Material to process
-*-*-

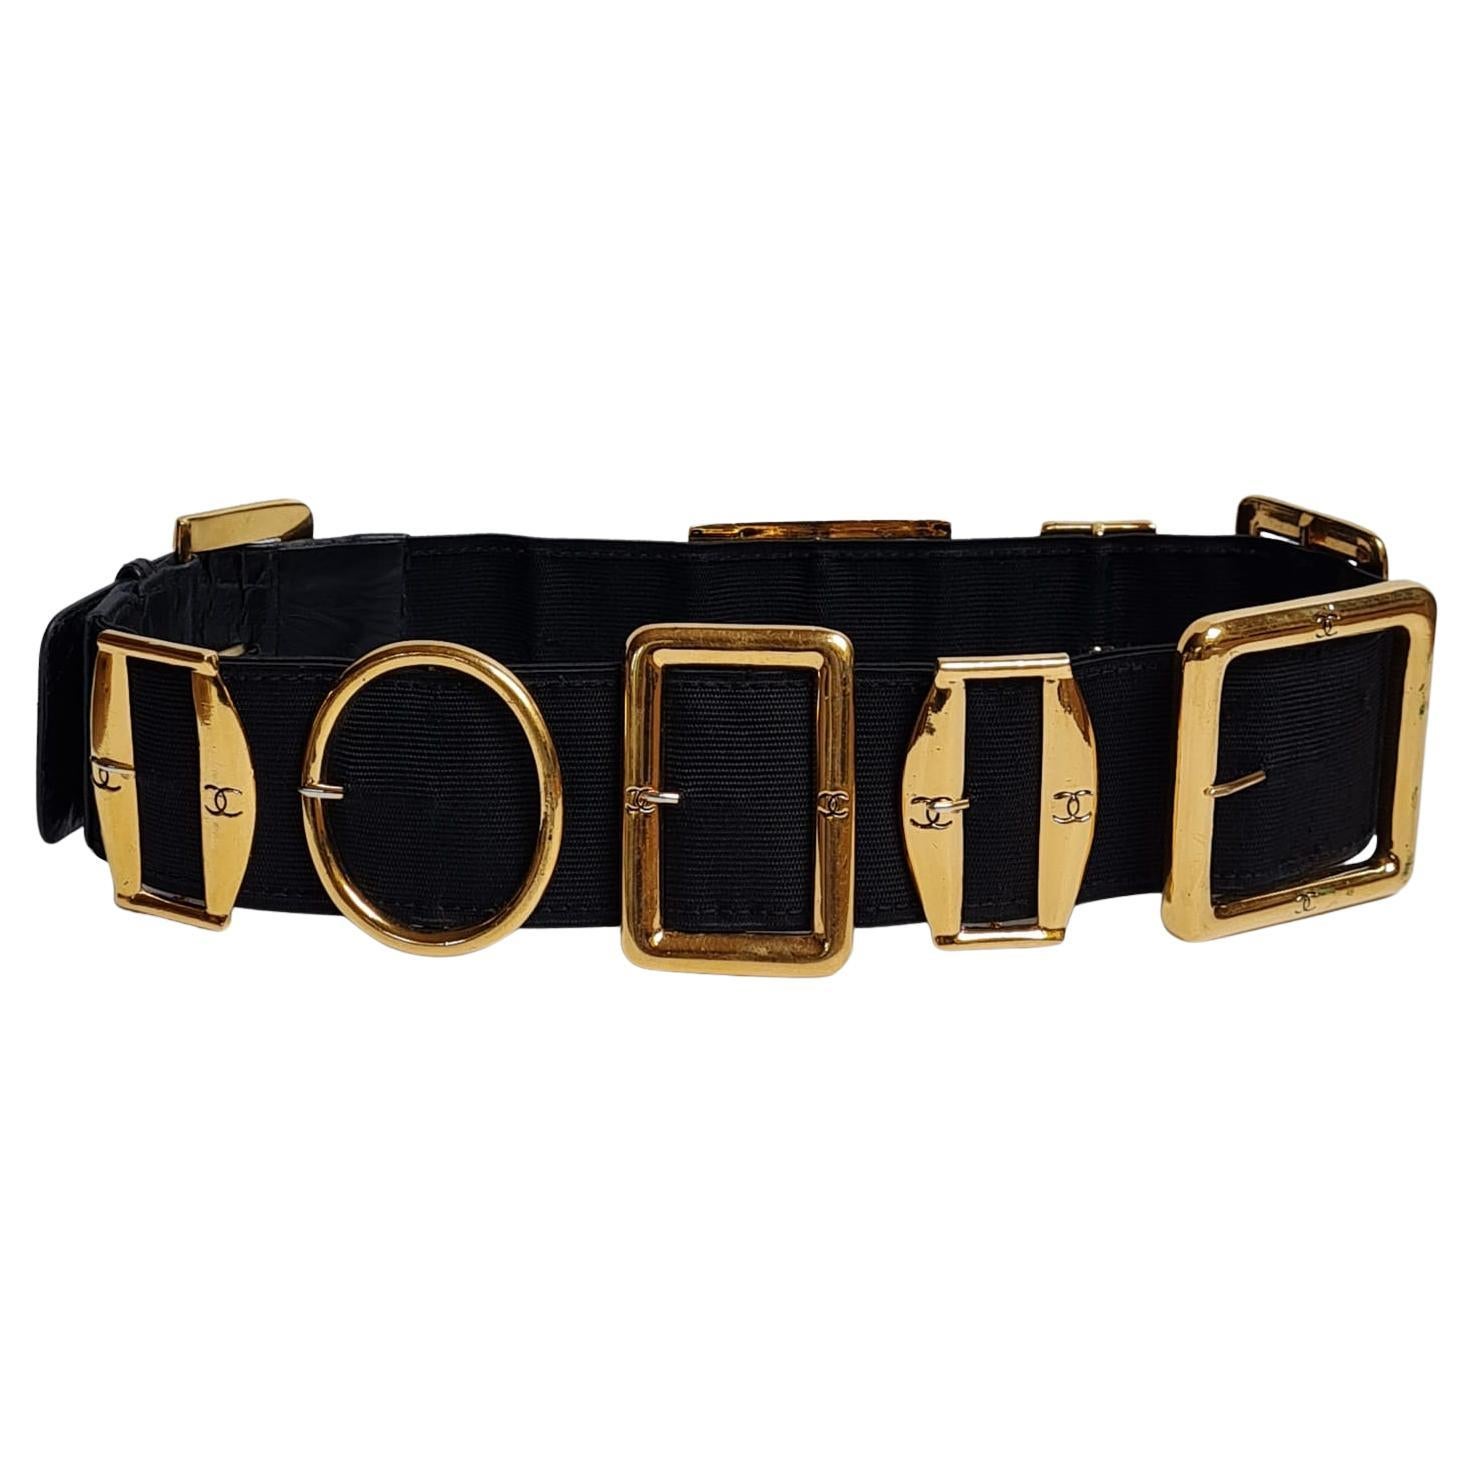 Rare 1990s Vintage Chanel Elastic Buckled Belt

-*-*-

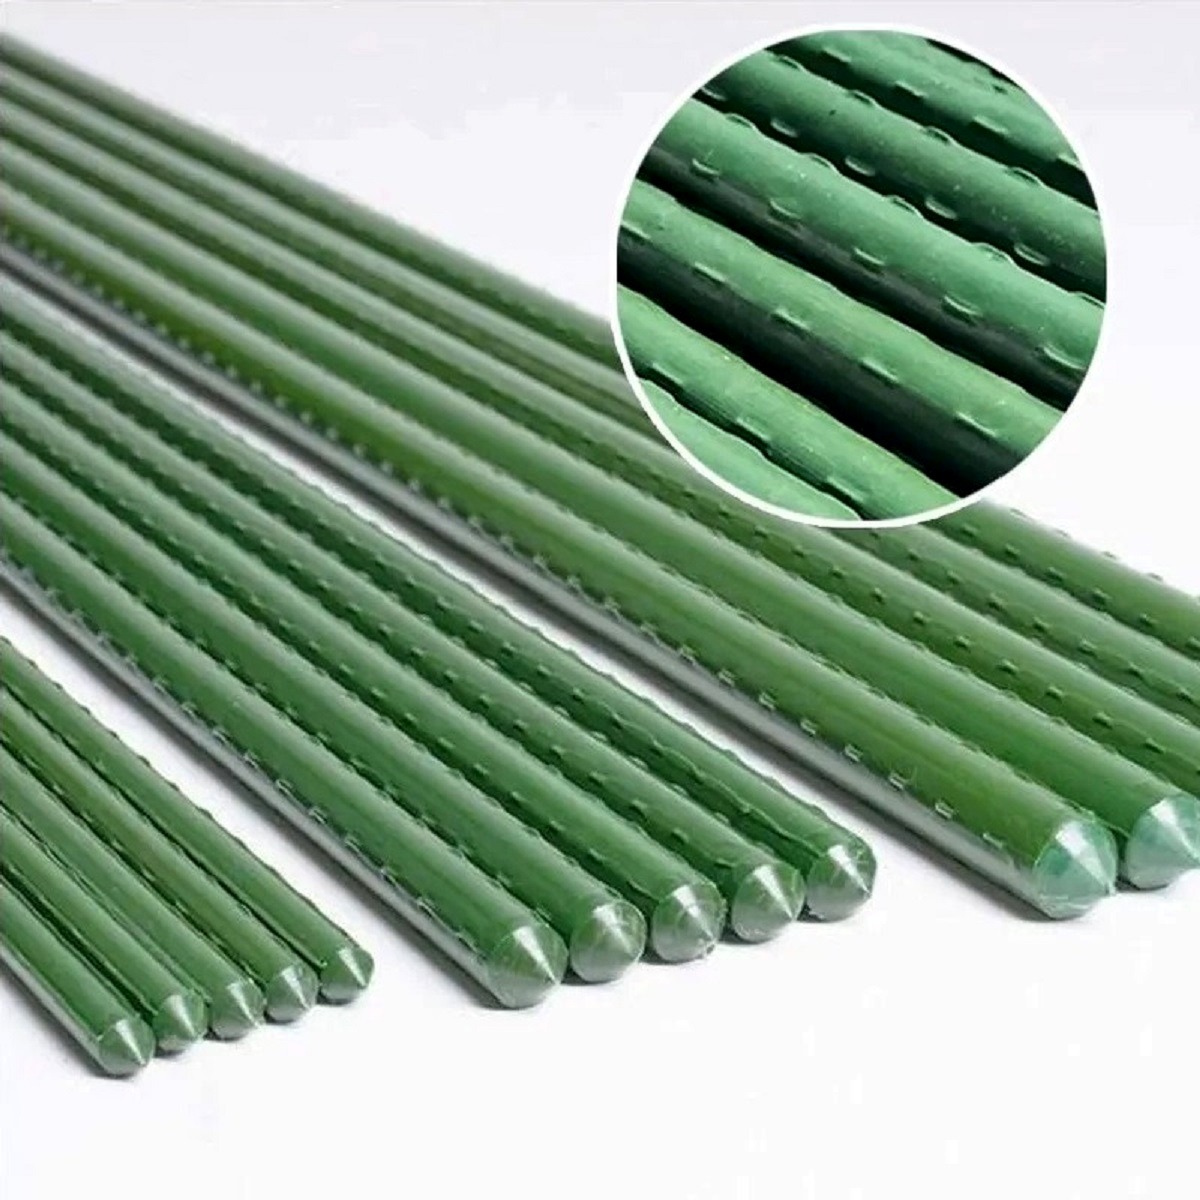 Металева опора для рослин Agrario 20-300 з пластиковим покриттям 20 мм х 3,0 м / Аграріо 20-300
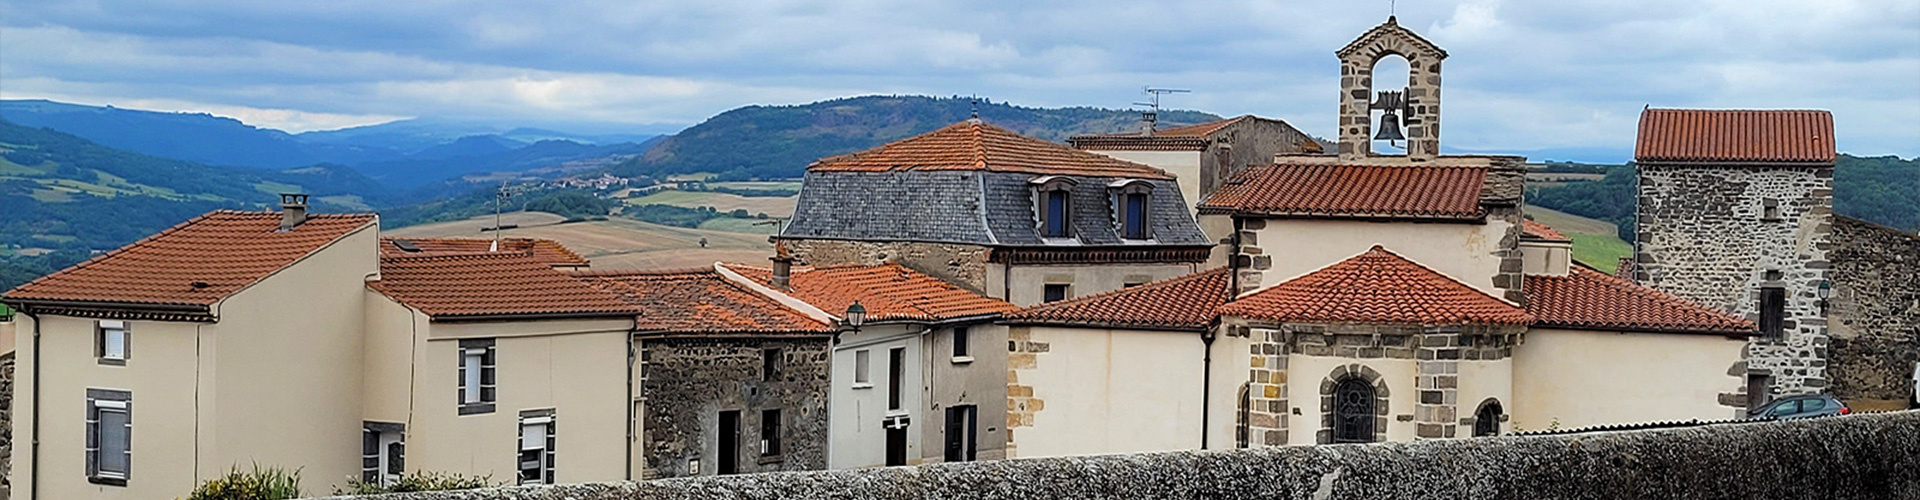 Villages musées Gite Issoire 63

-*-*-

Work to be completed
Above are some entries. Restate word for word the lines from the one holding "Металева опора для" through the one holding "Villages musées Gite Issoire 63", but not the pictures.

Your response
 Металева опора для рослин Agrario 20-300 з пластиковим покриттям 20 мм х 3,0 м / Аграріо 20-300
 Villages musées Gite Issoire 63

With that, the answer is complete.